WHAT THE EXERCISE ASKS » Pictures excluded, retype the lines from the one containing "Lalafanfan cute duck coloring page" through the last line of the data below, both included.

COLLECTED DATA »
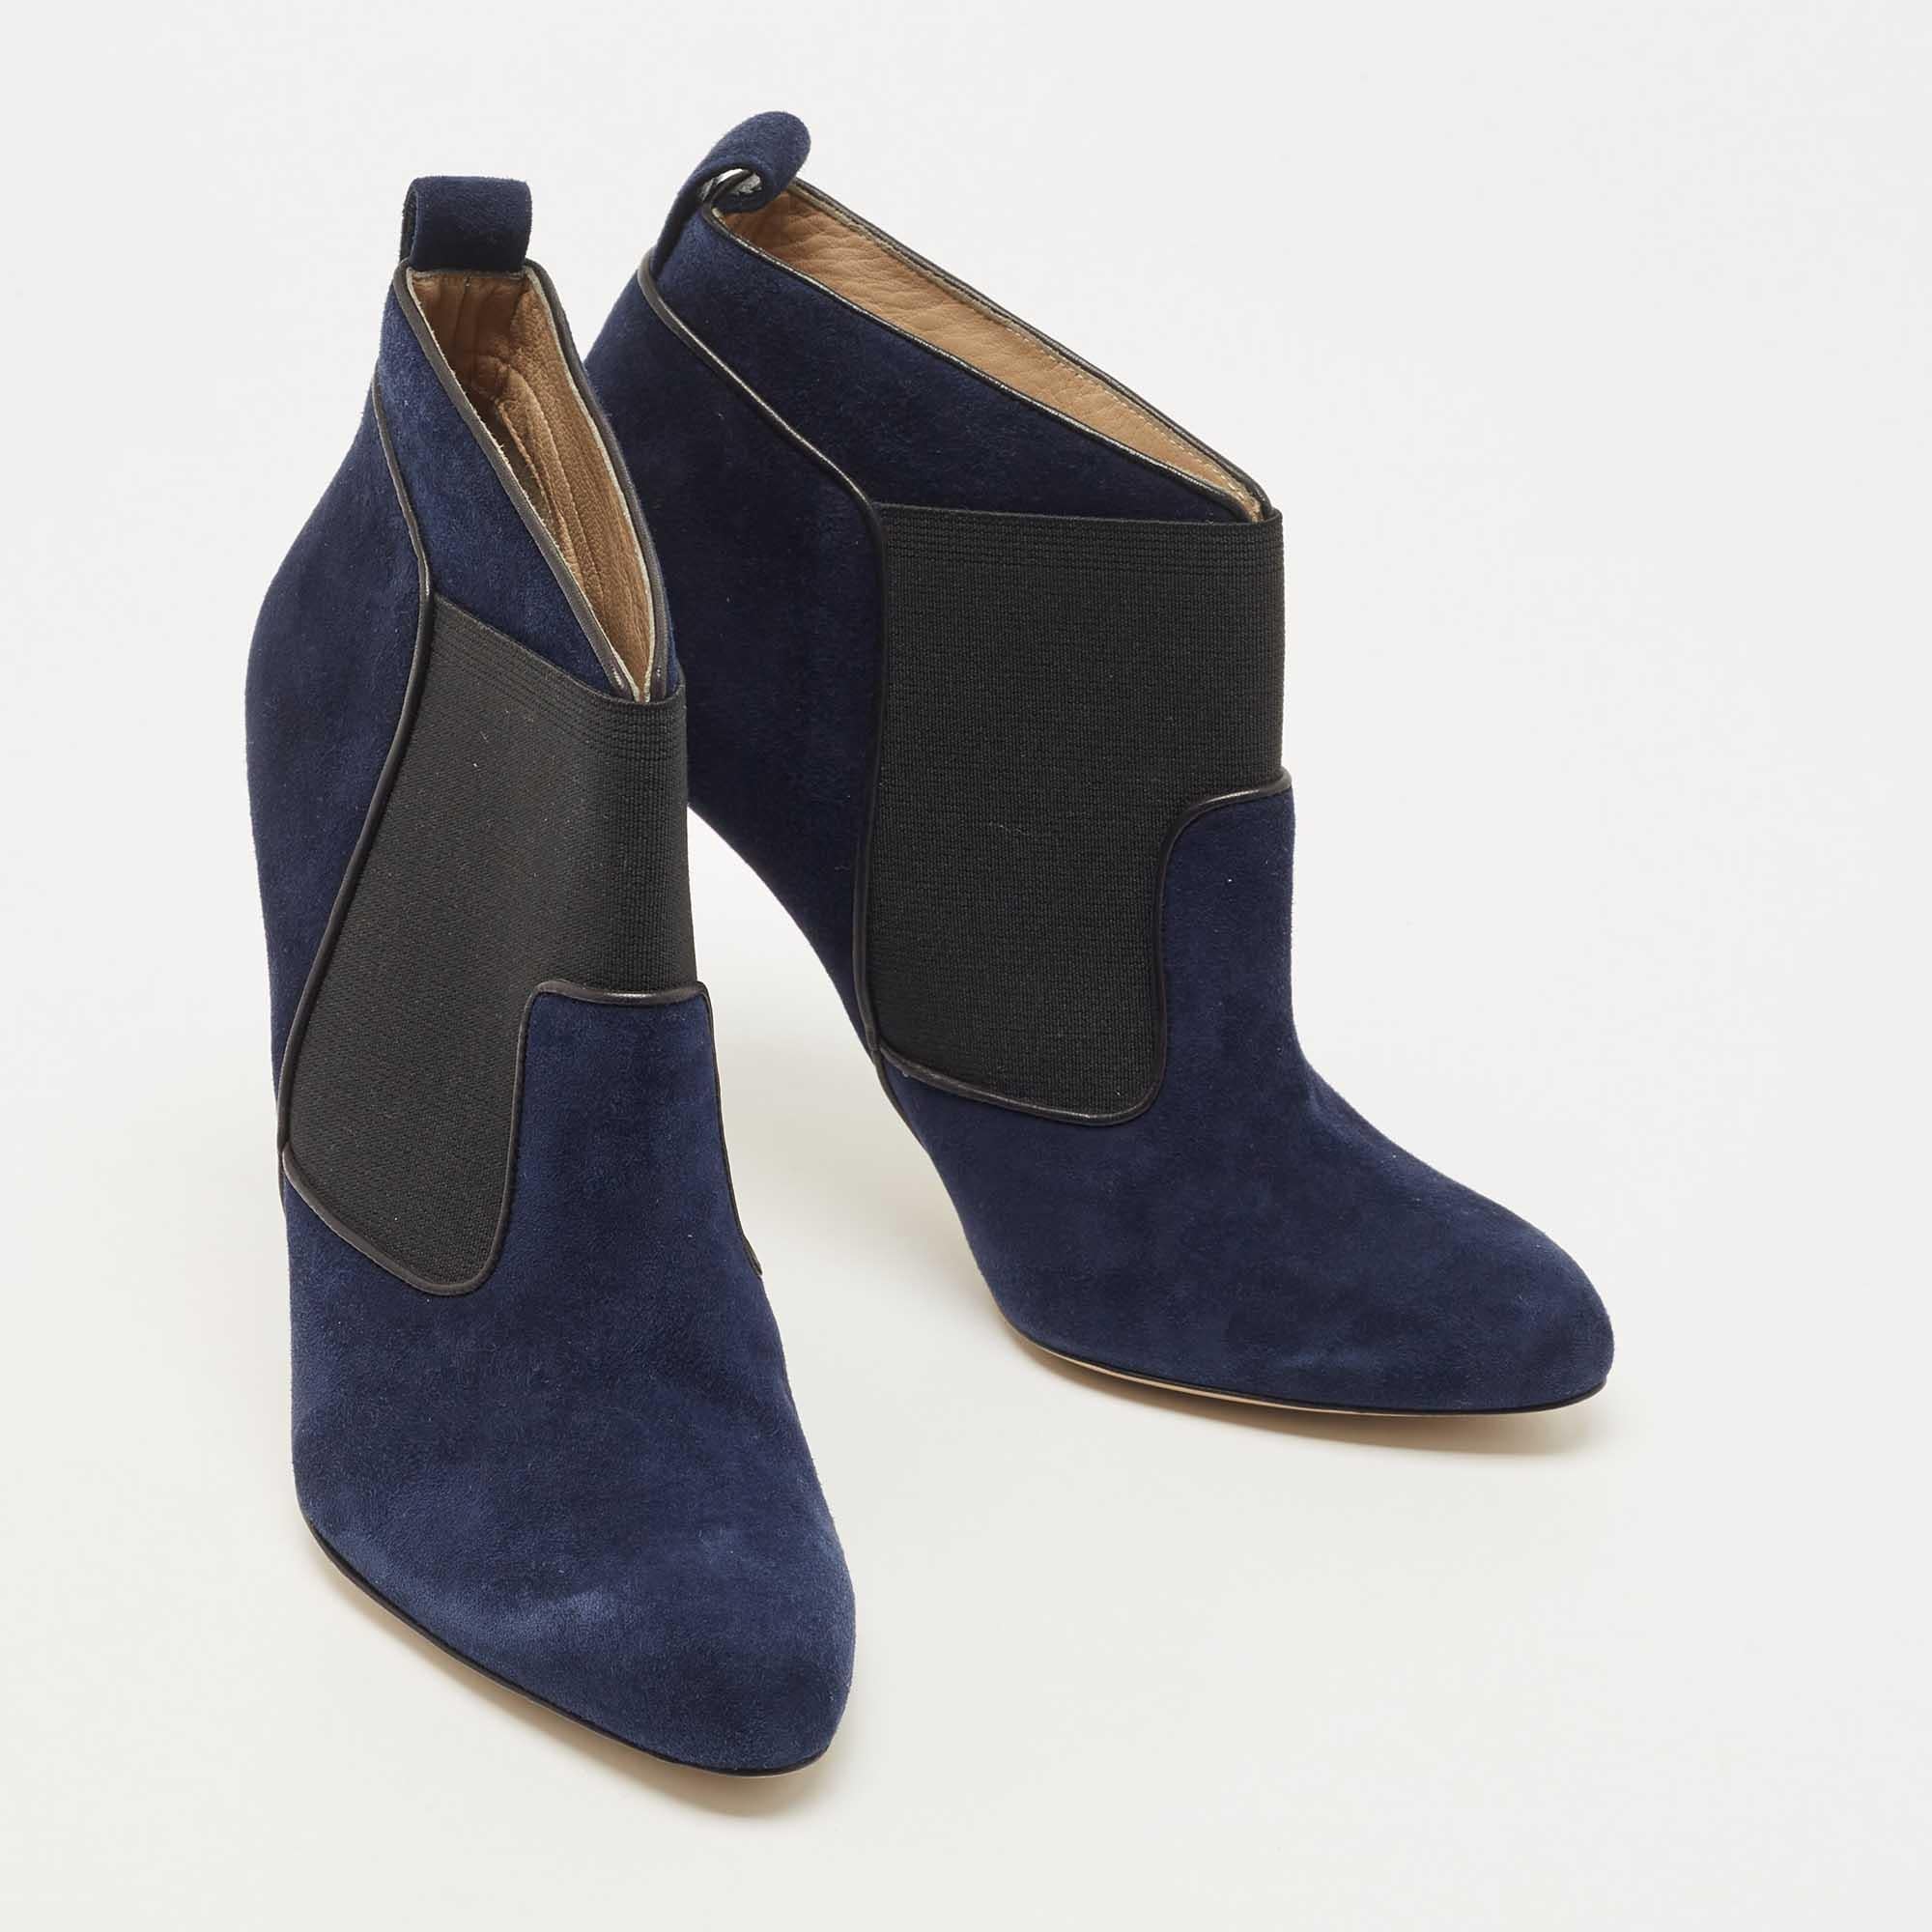 Paul Andrew Navy Blue Suede Ankle Length Boots Size 39 In Excellent Condition For Sale In Dubai, Al Qouz 2
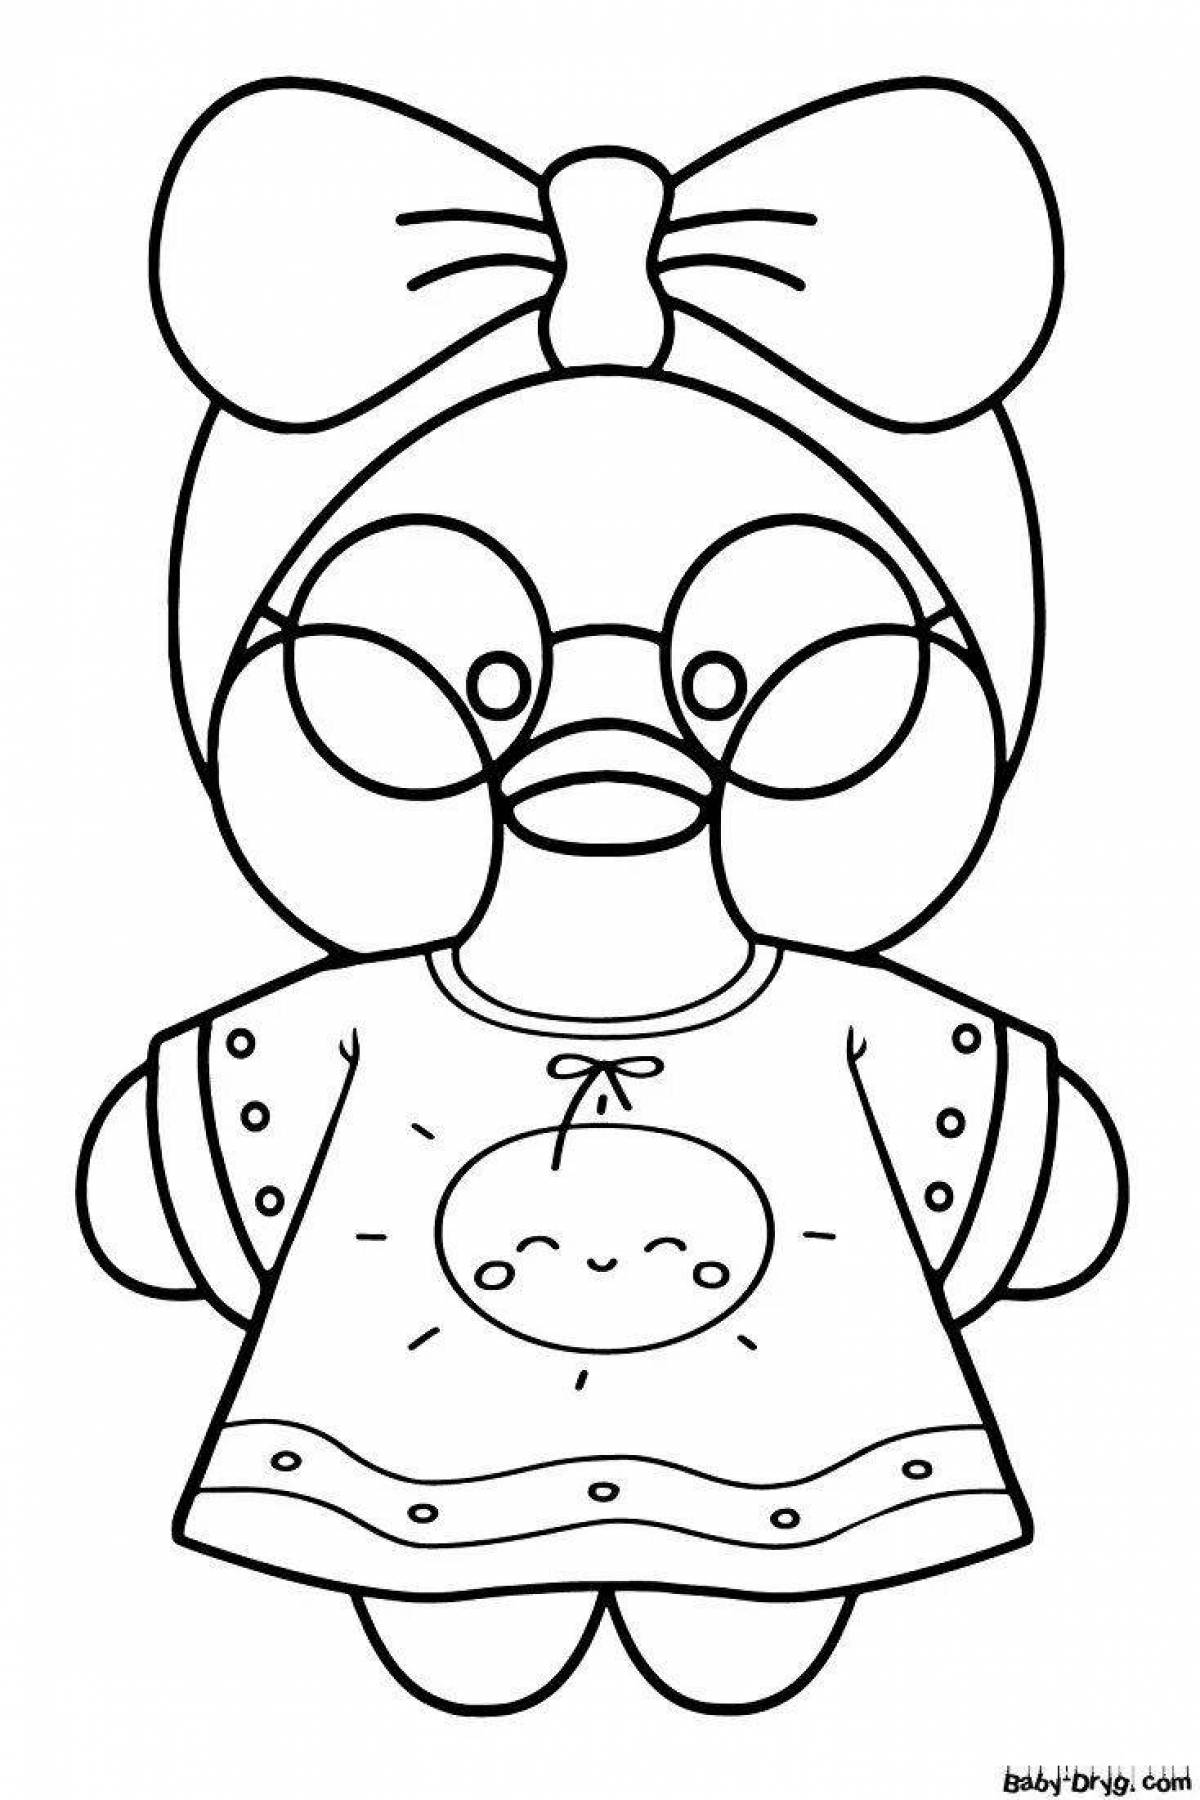 Lalafanfan cute duck coloring page
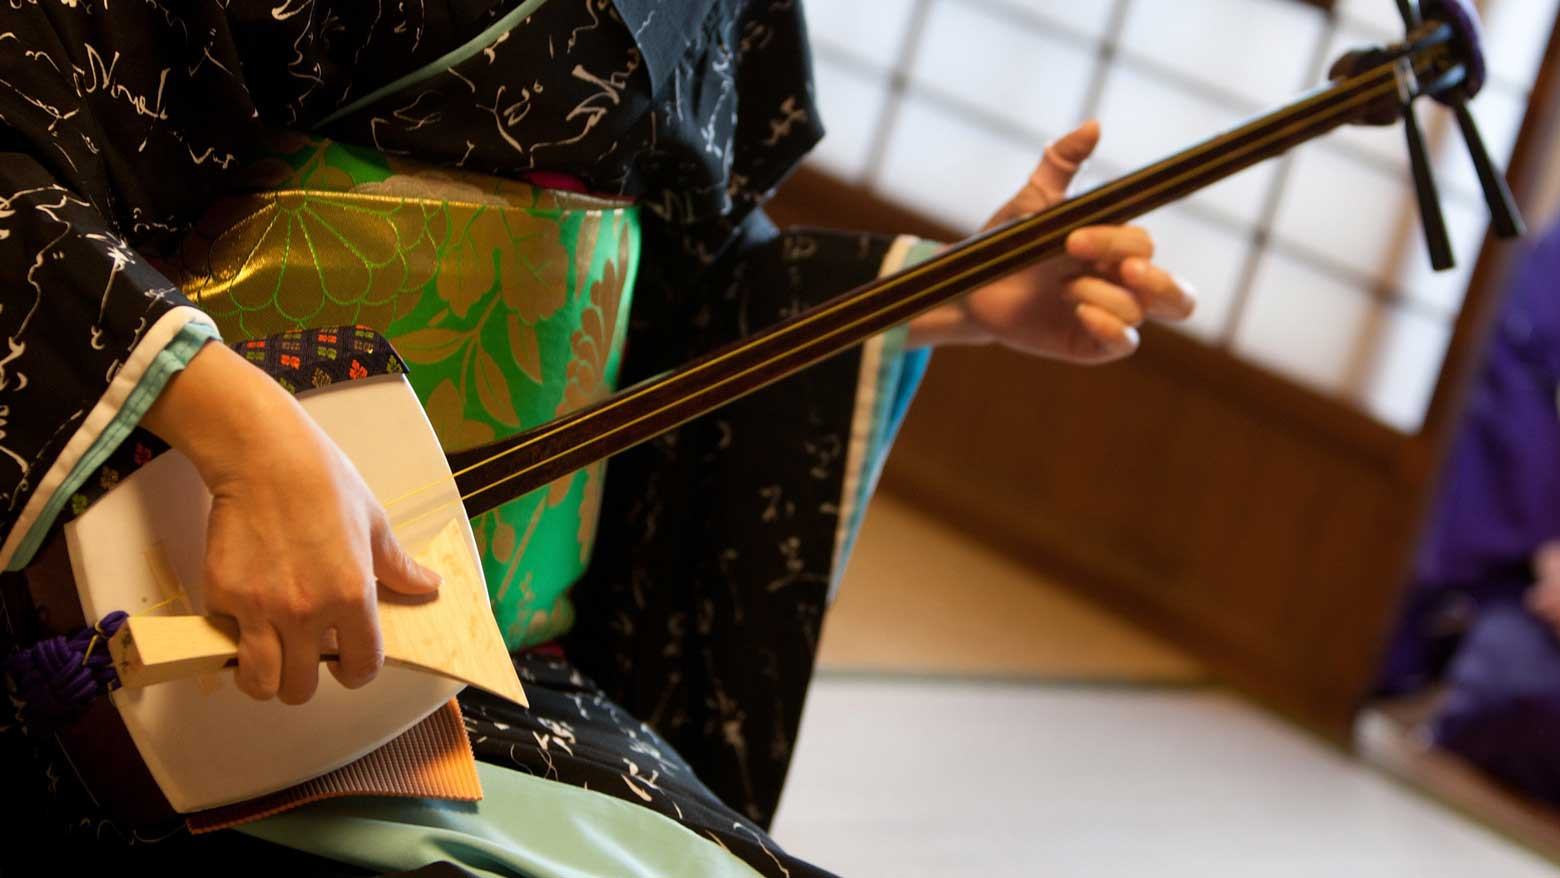 Japan's shamisen faces a fight for survival

SOLUTION »
 Lalafanfan cute duck coloring page
 Japan's shamisen faces a fight for survival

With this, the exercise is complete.